「でも……僕、未成年で。飲んだらいけないので……」
断る言葉を慎重に選びながら、少し怯えたように言ってみるけど。
「大丈夫、大丈夫。芸能界でやっていくんだったら、むしろ練習しておかないといけないからね」
そんな言葉で、半ば強引に勧められて。
その食い下がり方に、ああ、絶対これ混ぜてるな、って確信する。
本当は、口すらつけたくない。
けれど──ここで断りすぎると、逆に警戒される可能性もある。
だったら。
私は納得したように頷くと──そっと唇をグラスの縁に寄せて。
飲み込まず、舌先にだけ触れさせる。
こくり、と喉だけ鳴らして、飲み込んだふり。
「……おいしいです」
そう言ってちょっと微笑むと、明石は満足そうに頷いた。
──なんとか、誤魔化せたっぽい。
とはいえ、いつまでもこの方法で乗り切るわけには行かないよな……。
私は、ちら、とガラスのテーブルの上に並んだ二つのグラスに視線を走らせる。
シャンパンは、同じボトルから注がれた。
そして、明石は自分のグラスのシャンパンは全く問題なさそうに飲んでいる。
……ってことは、私のグラスの方だけに細工がされているんだろう。
あらかじめ、薄く睡眠薬が注がれていた、とか。
それなら。
私はちょっと気合を入れ直すように軽くため息を吐くと──
「……あ、明石さん」
小さく首を傾げて、上目遣いで彼の顔を覗き込む。
「目元に何か。まつげのところ……」
「え?」
「えっと、取ってあげますね。
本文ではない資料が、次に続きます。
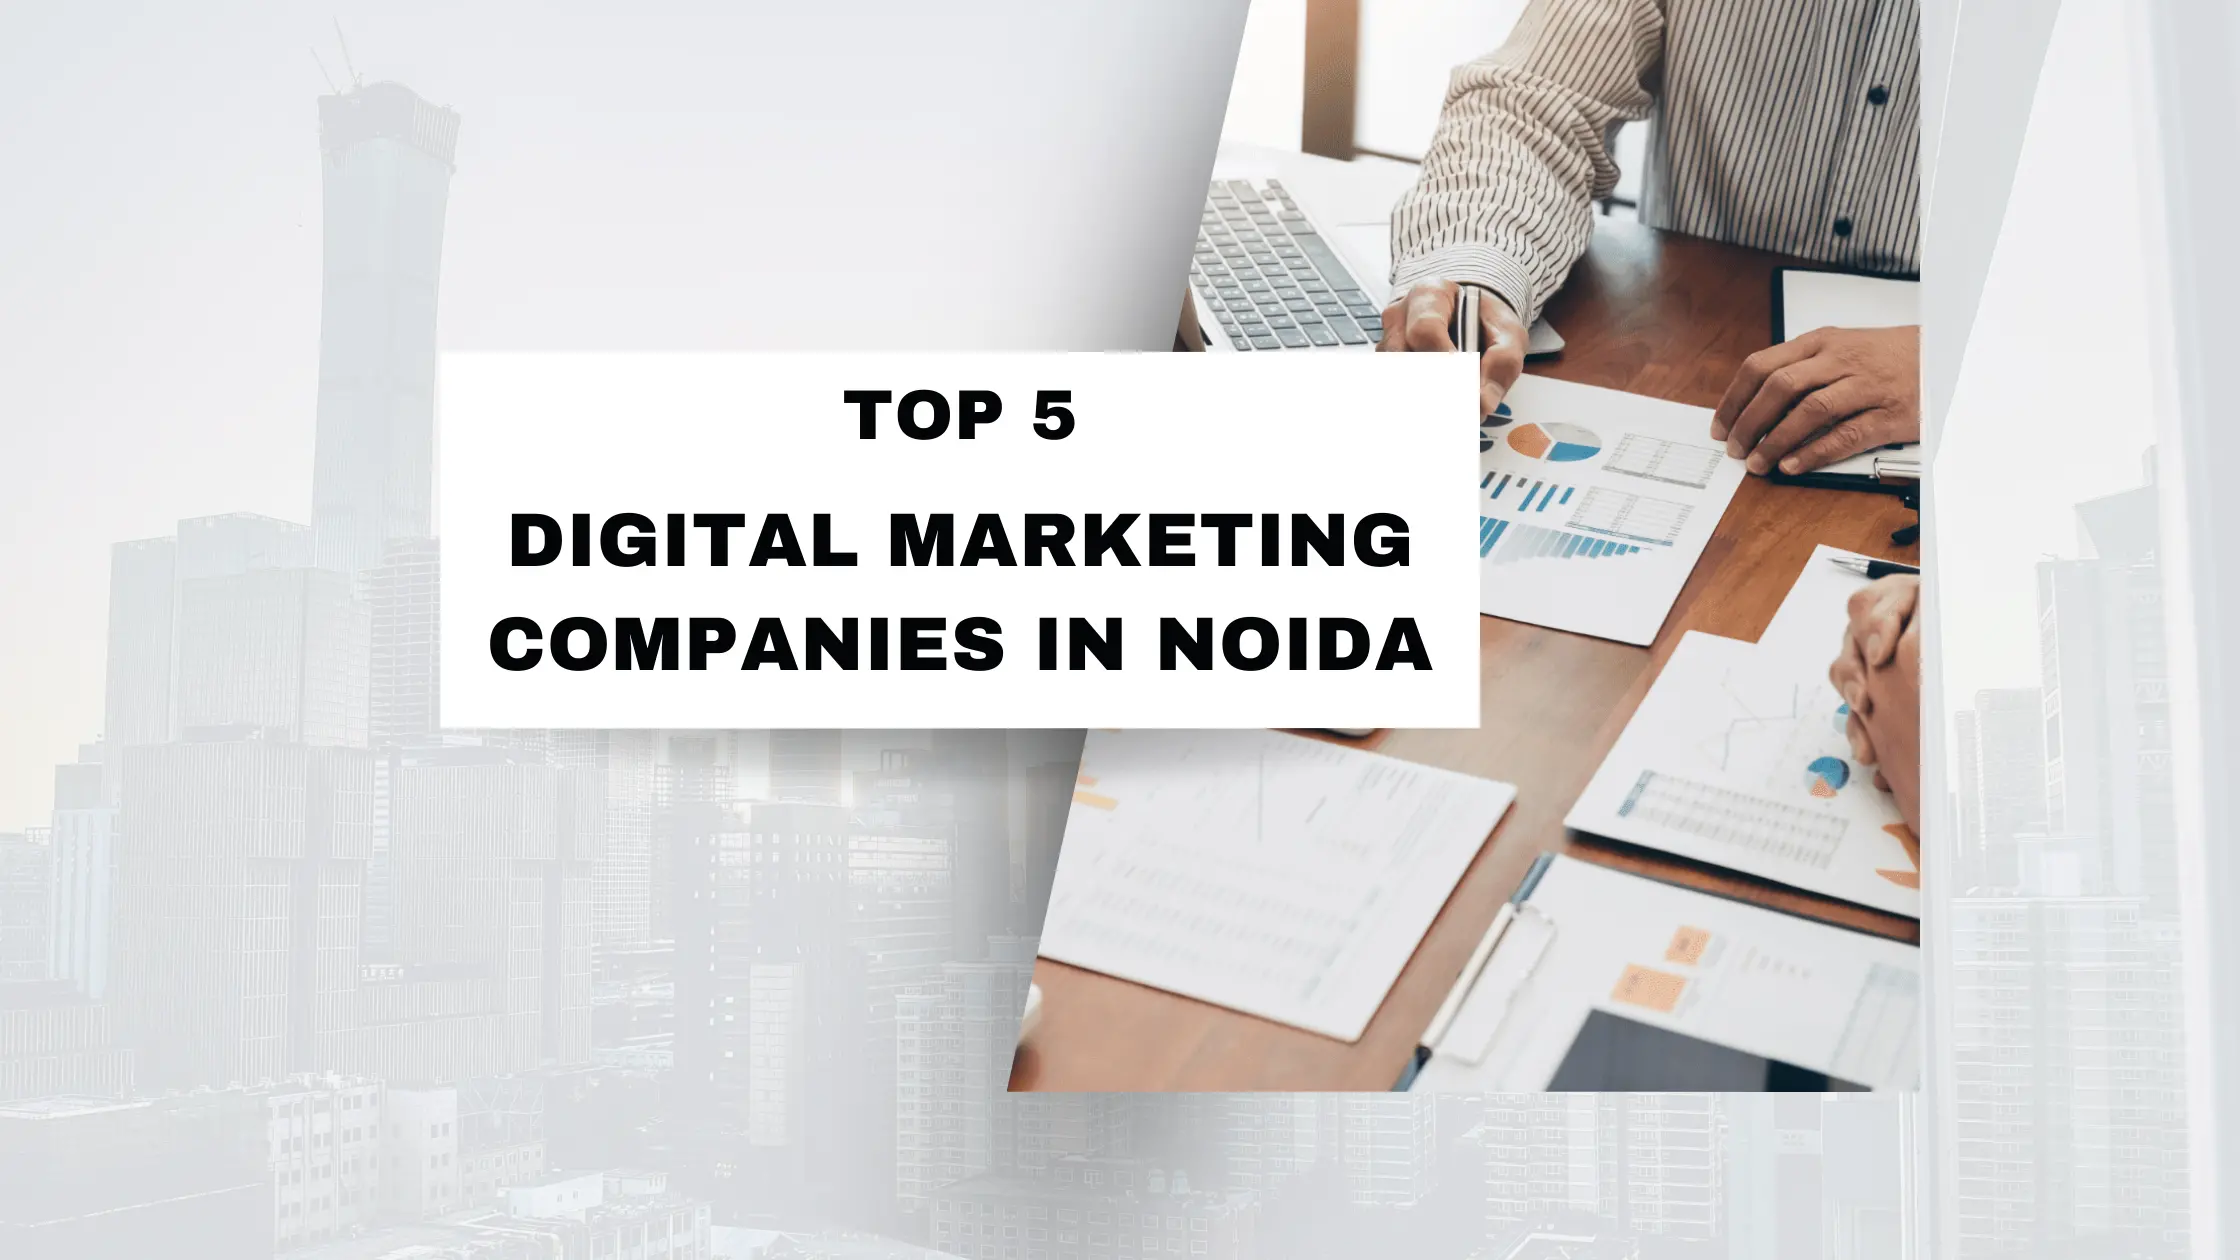 Top 5 Digital Marketing Companies in Noida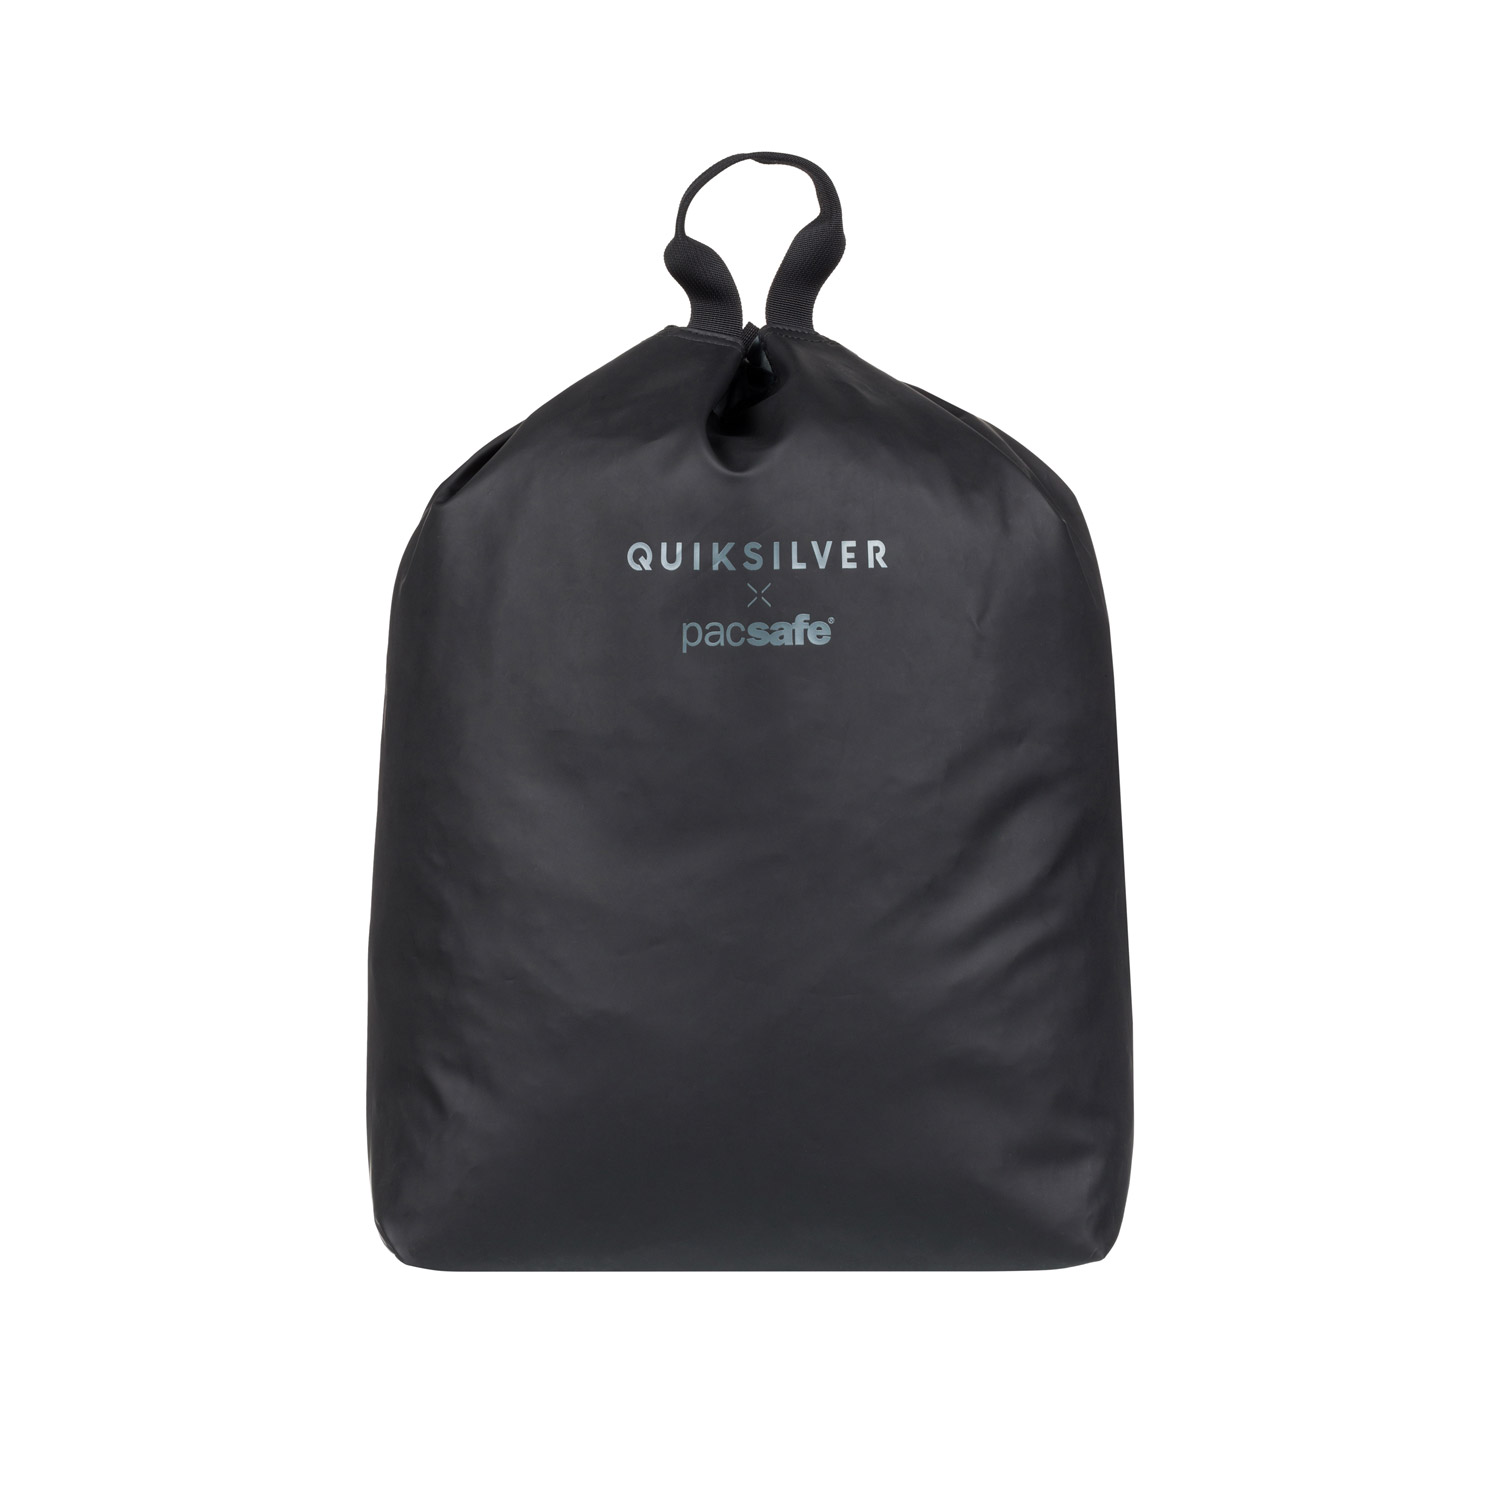 quicksilver-pacsafe-antitheft-bag-3

少し、目を閉じてもらえますか?」
ちょっと躊躇いがちな口調で、油断させて。
カバンに隠していたハンカチをそっと取り出して──ふわ、と彼の視界を覆うように目元に添えた。
その一瞬、彼の視界は閉ざされる。
──今。
私は音を立てないように、素早く二つのグラスをすり替えた。
「……これでよし」
ふわりとハンカチを外すと、明石はちょっと瞬きをして、にやりと微笑んだ。
「……まるで本物の恋人のような気遣いだね」
「え……そう、ですか?」
ちょっと照れたようにはにかみながらも、手のひらにはじんわりと汗が滲んでいた。
耳の奥で、やけにうるさく響く鼓動。
バレるだろうか。
音では気づかれなかったけれど──位置で、疑念を持たれたりしないだろうか。
湧き上がる不安の中、表情を崩さないように神経を張り詰めながら、私は明石の動きを待つ。
すると。
明石は、何事もなかったかのように自分の前にあったグラスを手にして──
そのまま、ぐいっと流し込んだ。